So what is the take home message for me (and you)?  Nancy Pearcey says it well: 

"Whether the suffering is physical or psychological, the way God brings us to see what we are really basing our life upon is to take it away.  When we lose our health or family or work or reputation, and our lives come crashing down and we feel lost and empty --- that's when we realize how much our sense of purpose and identity was actually bound up in those things.  That's why we have to be willing to let Him take them away.  We have to be "willing to die."    (Total Truth, page 359)  

She goes on to clarify that this perspective is not to be taken as some negativity filled rant against all of the possible pleasures or joys in this life.  There is a tension here.  We are to seek and strive for good things.  It is right to desire peace, to have love for the people and things of this world, to endeavor to avoid pain and suffering.  We are not meant to throw up our hands and reject all attachments in this world.  

However, when these things become our chief end, we have missed the ultimate point of being a Christ follower.  Our life is ultimately NOT consummated here.  This is not our final home, and we must be willing to hold all that we have here with an open hand.  This is the path to true peace and freedom, and is when we begin to be of use to God in the advancement of his kingdom.  

"We tend to have a limited concept of spiritual death as saying no only to things we want or covet -- our guilty pleasures and selfish ambitions.  But in reality, it means dying inwardly to whatever has control over us."   
"Whatever it is that controls you, that is what you must place on the altar to be slain.  Only then will we be released from our inner compulsions and be able to discover the freedom in which nothing but "the love of Christ controls us" (2 Cor 5:14)"    (Pearcey, Total Truth, page 360)

It is with no small measure of fear and trembling that I say that this is what I want for my life.  
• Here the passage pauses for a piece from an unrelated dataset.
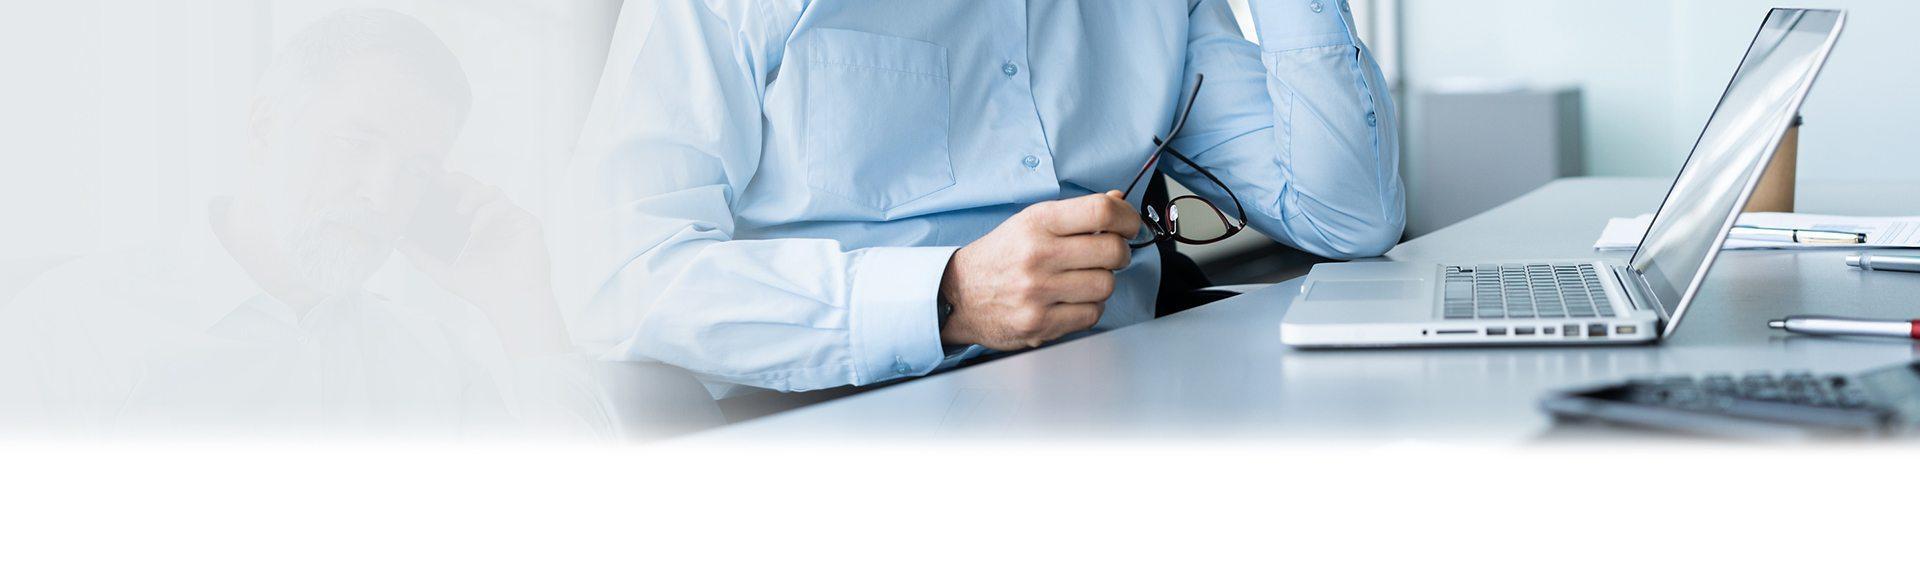 Mężczyzna przed laptopem trzymający okulary

For it is only through God's life filling my empty heart and hands that I can be truly freed to love the ones He has placed in my life.  That is what I need to remember in order to effectively serve those for whom I bear some measure of spiritual responsibility.  In God's strength alone I am able to approach the task of preparing them to be responsible members of our family, our church, and our community.  

I certainly know that my natural self is not inclined to do all that is needed to give to these little ones what they most desperately need--that is to be pointed clearly and persistently to their only true hope and Savior, Jesus Christ. 

Unfortunately, dying to the self is not a one time decision.  It must be reaffirmed daily.  The reason Christ says in Luke 9 that I must pick up my cross daily, is because I still struggle against my basic inclinations, and will do so as long as I live in this body.  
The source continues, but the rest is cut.